◆ **Source information**
((

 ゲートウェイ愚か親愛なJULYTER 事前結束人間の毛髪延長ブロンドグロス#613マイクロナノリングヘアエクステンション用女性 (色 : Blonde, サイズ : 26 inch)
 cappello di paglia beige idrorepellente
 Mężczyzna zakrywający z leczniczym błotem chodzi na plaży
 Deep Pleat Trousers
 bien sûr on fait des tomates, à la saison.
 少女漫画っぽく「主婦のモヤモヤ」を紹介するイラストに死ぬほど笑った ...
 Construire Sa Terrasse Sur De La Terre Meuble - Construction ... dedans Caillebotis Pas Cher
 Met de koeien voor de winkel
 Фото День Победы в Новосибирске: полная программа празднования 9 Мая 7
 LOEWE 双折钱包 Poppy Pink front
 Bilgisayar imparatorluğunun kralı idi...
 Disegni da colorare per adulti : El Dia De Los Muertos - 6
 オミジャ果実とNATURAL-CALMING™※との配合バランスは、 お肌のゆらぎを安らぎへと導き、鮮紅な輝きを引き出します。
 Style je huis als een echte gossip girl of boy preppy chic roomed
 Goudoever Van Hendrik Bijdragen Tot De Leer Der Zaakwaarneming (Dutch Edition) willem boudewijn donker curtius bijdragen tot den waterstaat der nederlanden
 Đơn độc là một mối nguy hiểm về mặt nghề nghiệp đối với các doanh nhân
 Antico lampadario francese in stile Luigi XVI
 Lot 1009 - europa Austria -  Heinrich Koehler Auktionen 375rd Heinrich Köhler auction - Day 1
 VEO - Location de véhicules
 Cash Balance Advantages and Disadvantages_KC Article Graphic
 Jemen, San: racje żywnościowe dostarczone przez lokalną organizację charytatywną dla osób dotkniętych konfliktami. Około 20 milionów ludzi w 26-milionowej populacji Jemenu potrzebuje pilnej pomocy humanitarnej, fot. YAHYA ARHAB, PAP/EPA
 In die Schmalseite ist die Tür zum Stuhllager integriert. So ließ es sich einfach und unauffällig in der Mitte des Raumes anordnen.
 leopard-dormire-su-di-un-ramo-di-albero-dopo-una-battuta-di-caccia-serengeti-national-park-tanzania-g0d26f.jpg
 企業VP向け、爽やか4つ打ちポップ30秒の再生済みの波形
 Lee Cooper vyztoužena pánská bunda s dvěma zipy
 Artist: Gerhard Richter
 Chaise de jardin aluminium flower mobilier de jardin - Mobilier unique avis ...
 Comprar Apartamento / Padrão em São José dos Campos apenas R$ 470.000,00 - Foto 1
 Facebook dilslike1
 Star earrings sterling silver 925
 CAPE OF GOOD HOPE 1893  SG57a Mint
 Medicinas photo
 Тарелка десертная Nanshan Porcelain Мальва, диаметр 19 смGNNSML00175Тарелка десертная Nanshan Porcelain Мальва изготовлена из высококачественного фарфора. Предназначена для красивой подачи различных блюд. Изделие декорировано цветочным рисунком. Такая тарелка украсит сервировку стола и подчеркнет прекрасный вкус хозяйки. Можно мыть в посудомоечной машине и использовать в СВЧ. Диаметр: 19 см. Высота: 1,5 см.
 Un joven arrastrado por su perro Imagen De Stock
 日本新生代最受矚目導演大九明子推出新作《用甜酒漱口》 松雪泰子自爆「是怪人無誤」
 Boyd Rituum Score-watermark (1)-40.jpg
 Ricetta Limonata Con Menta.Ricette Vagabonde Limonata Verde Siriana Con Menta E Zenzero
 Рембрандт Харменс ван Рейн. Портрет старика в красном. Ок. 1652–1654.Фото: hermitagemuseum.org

))

◆ **Problem description**
Going back over the entries above, copy word for word every line from the one that has "オミジャ果実とNATURAL" on through the one that has "Goudoever Van Hendrik".

◆ **Reply**
 オミジャ果実とNATURAL-CALMING™※との配合バランスは、 お肌のゆらぎを安らぎへと導き、鮮紅な輝きを引き出します。
 Style je huis als een echte gossip girl of boy preppy chic roomed
 Goudoever Van Hendrik Bijdragen Tot De Leer Der Zaakwaarneming (Dutch Edition) willem boudewijn donker curtius bijdragen tot den waterstaat der nederlanden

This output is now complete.